What you will do: Please reproduce the listing verbatim, without its images.

Given data:
*-*-*
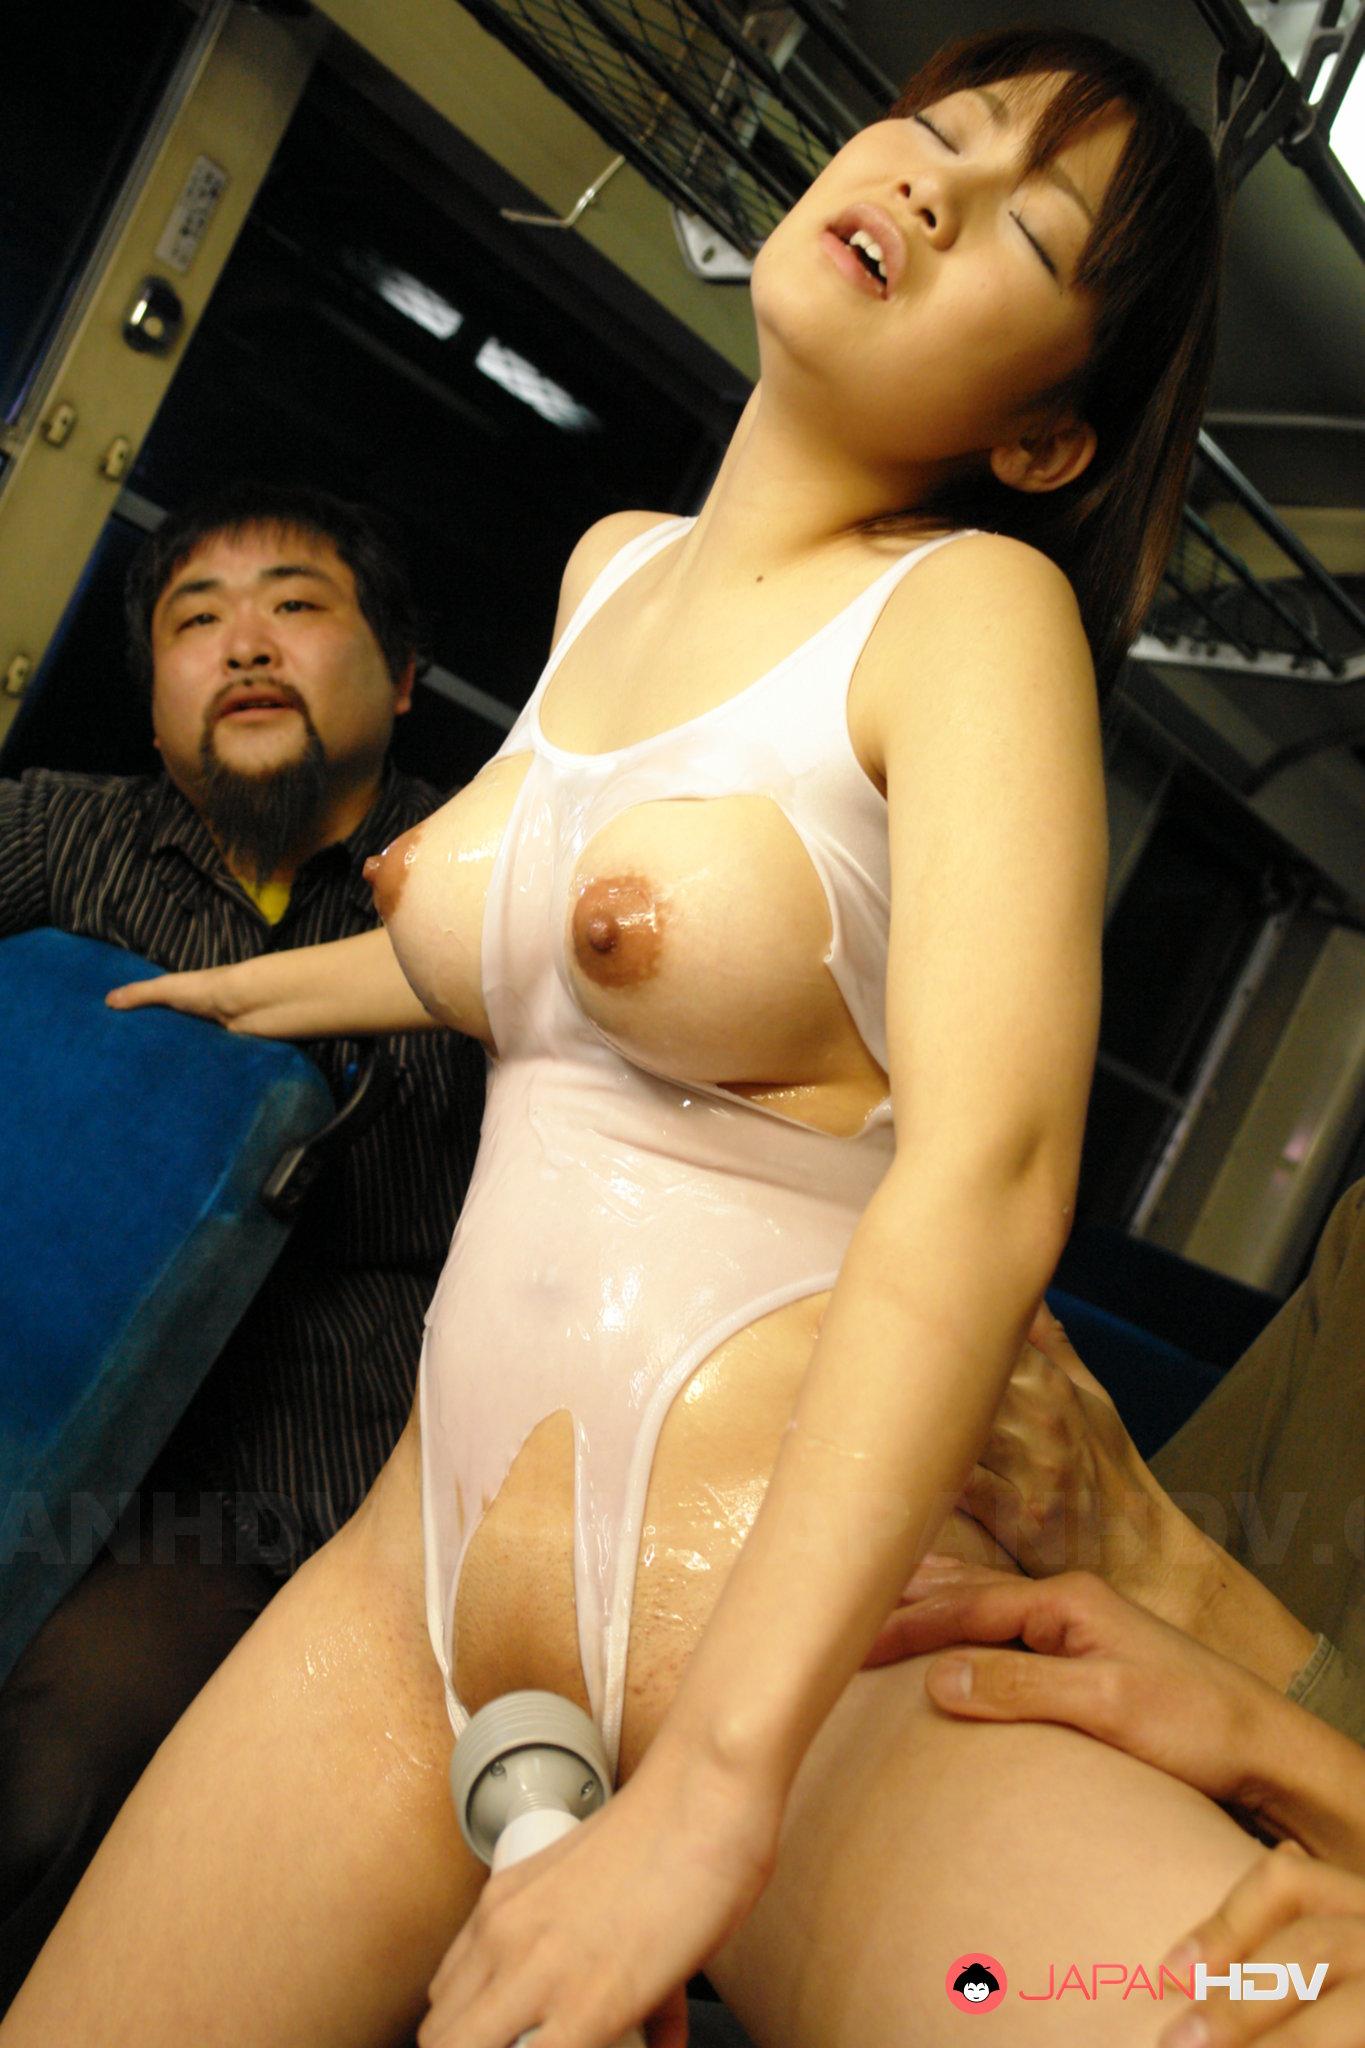 Asian Porn On A Bus horny yayoi yoshino uses a vibrator on bus
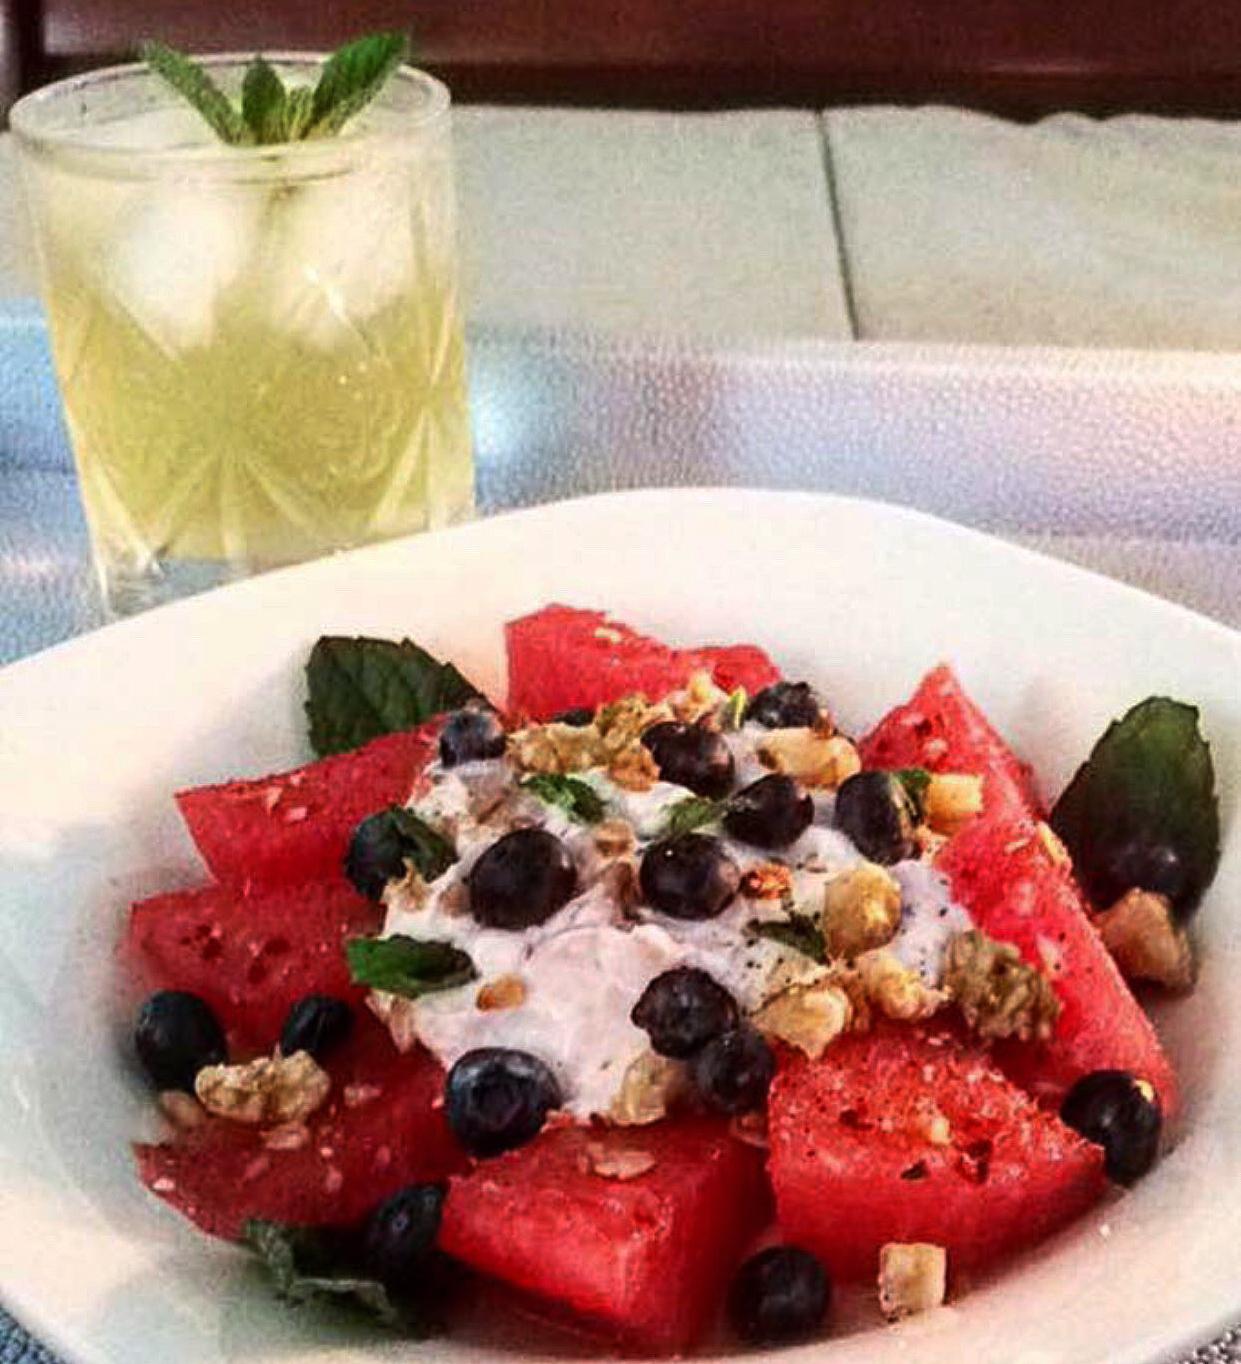 watermelon_mint_lemon_drink_blueberry_salad
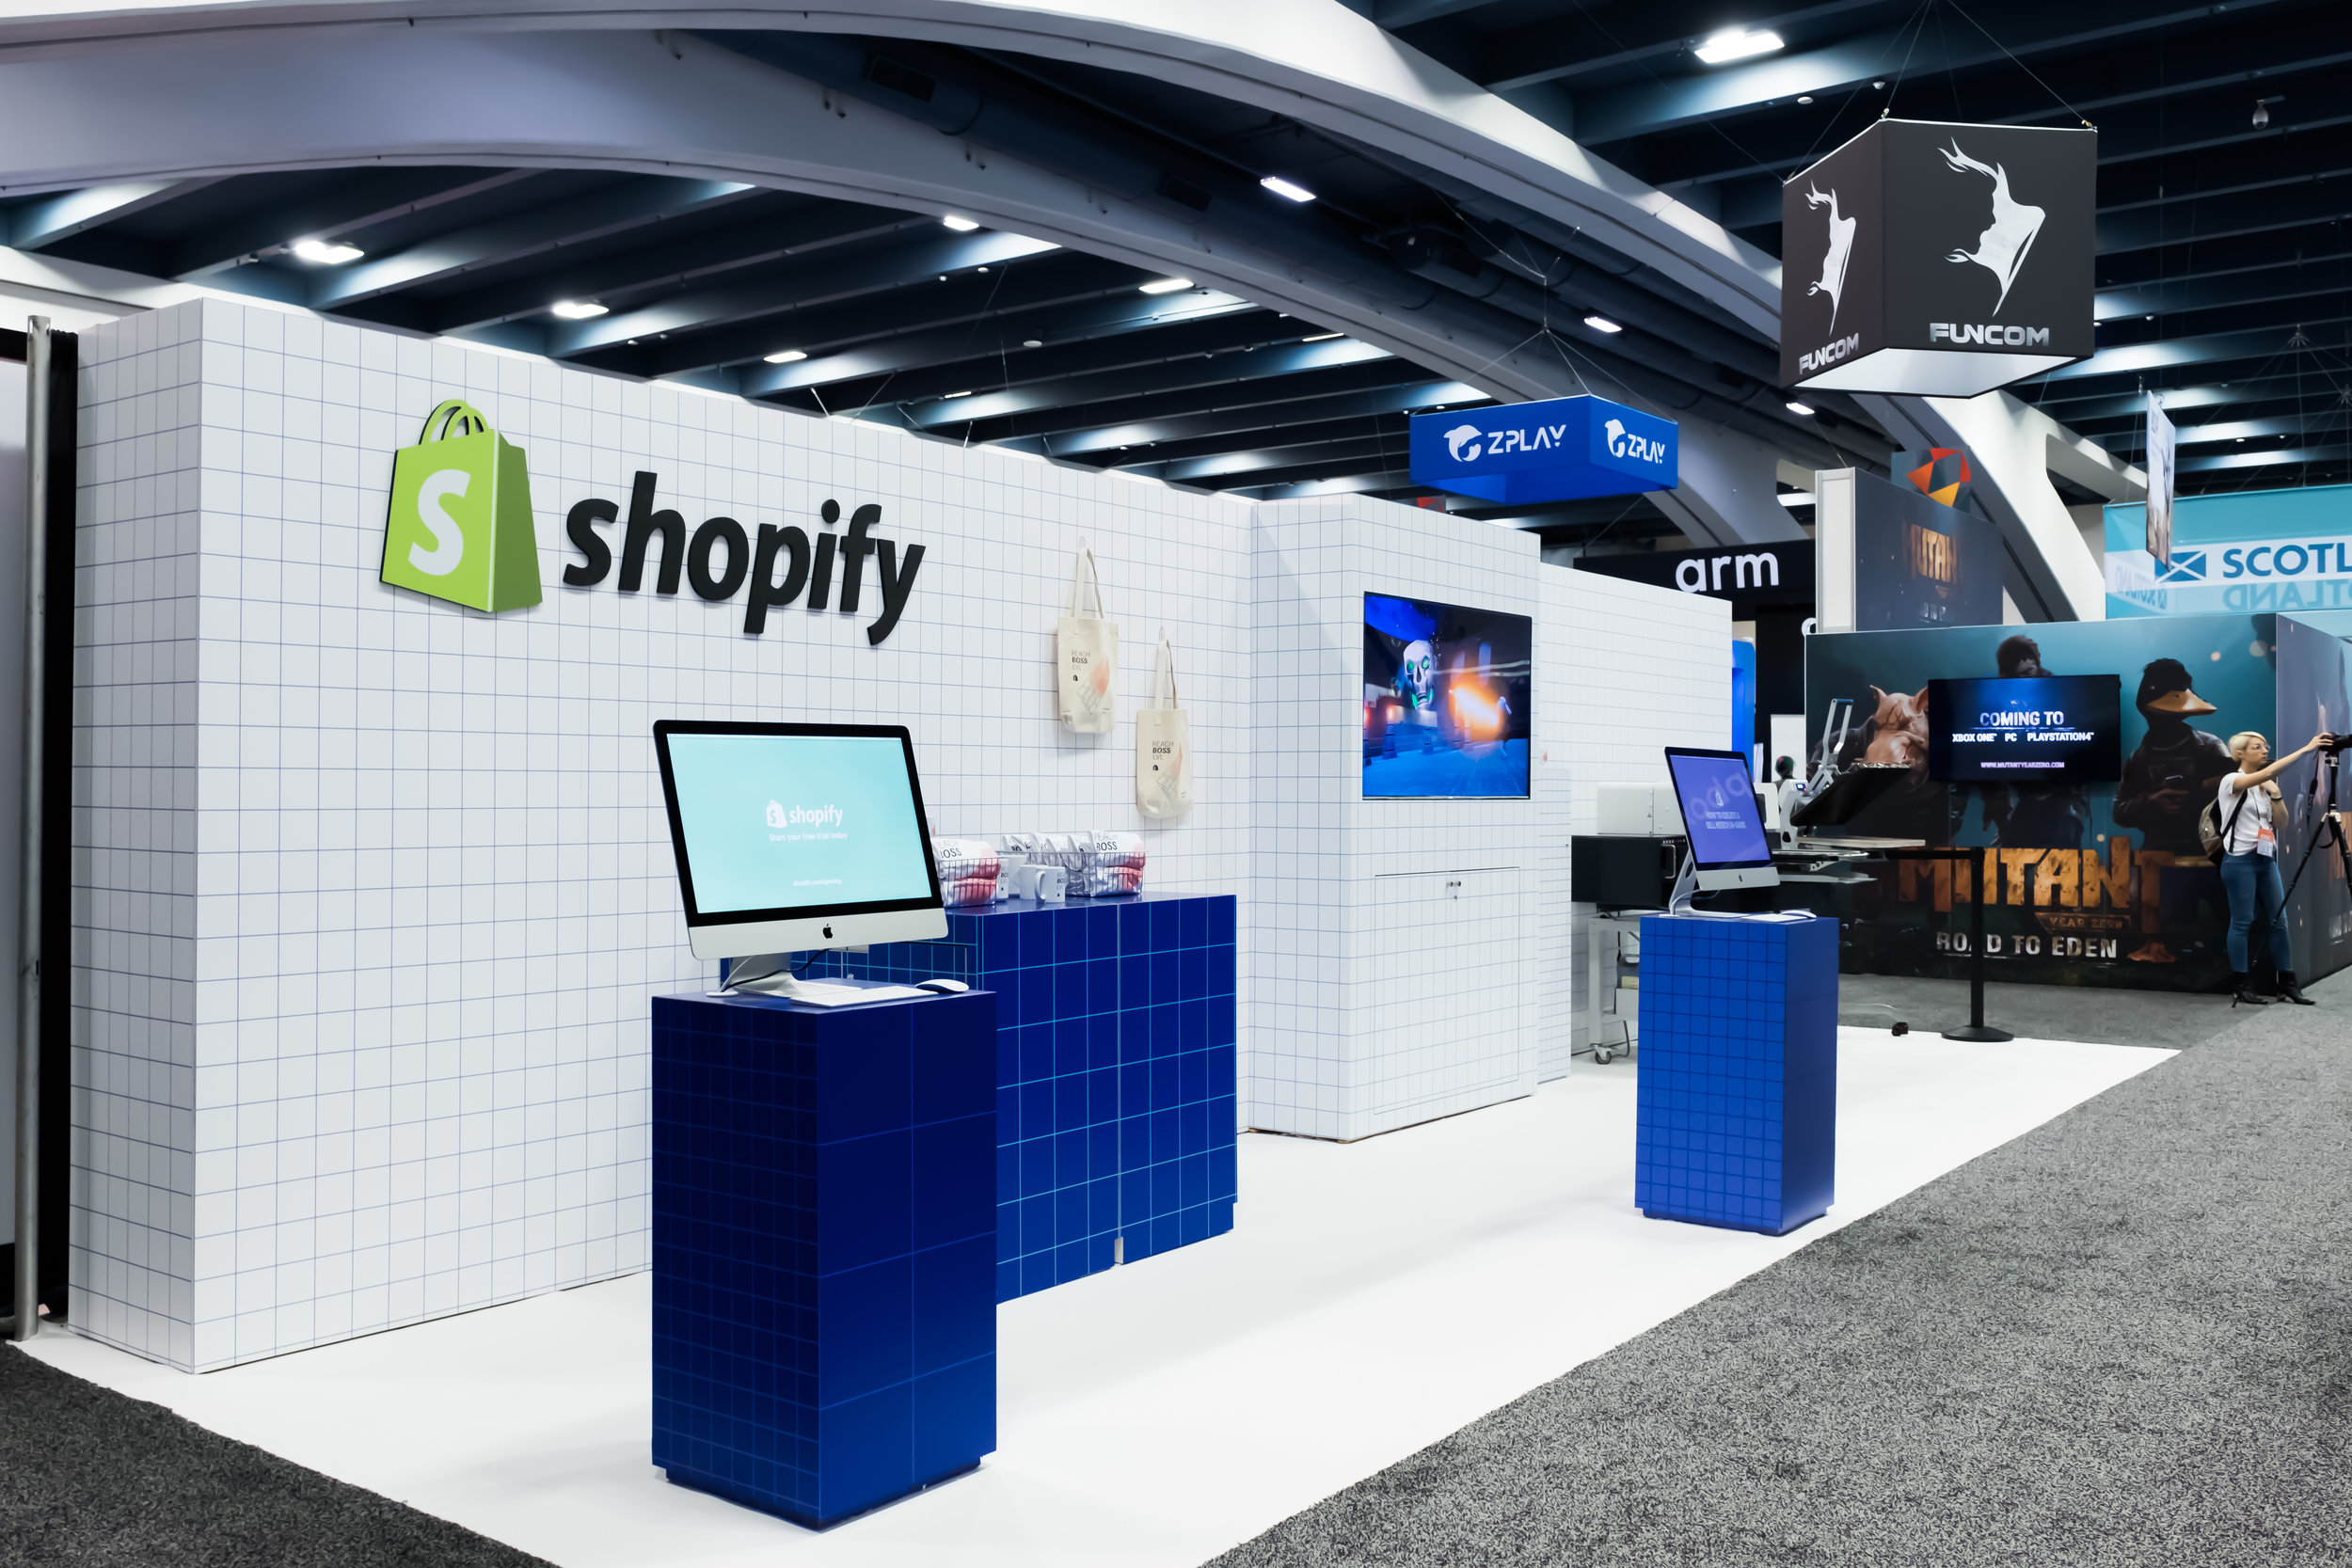 shopifyGDC18-3.jpg
*-*-*
Response area:
 Asian Porn On A Bus horny yayoi yoshino uses a vibrator on bus
 watermelon_mint_lemon_drink_blueberry_salad
 shopifyGDC18-3.jpg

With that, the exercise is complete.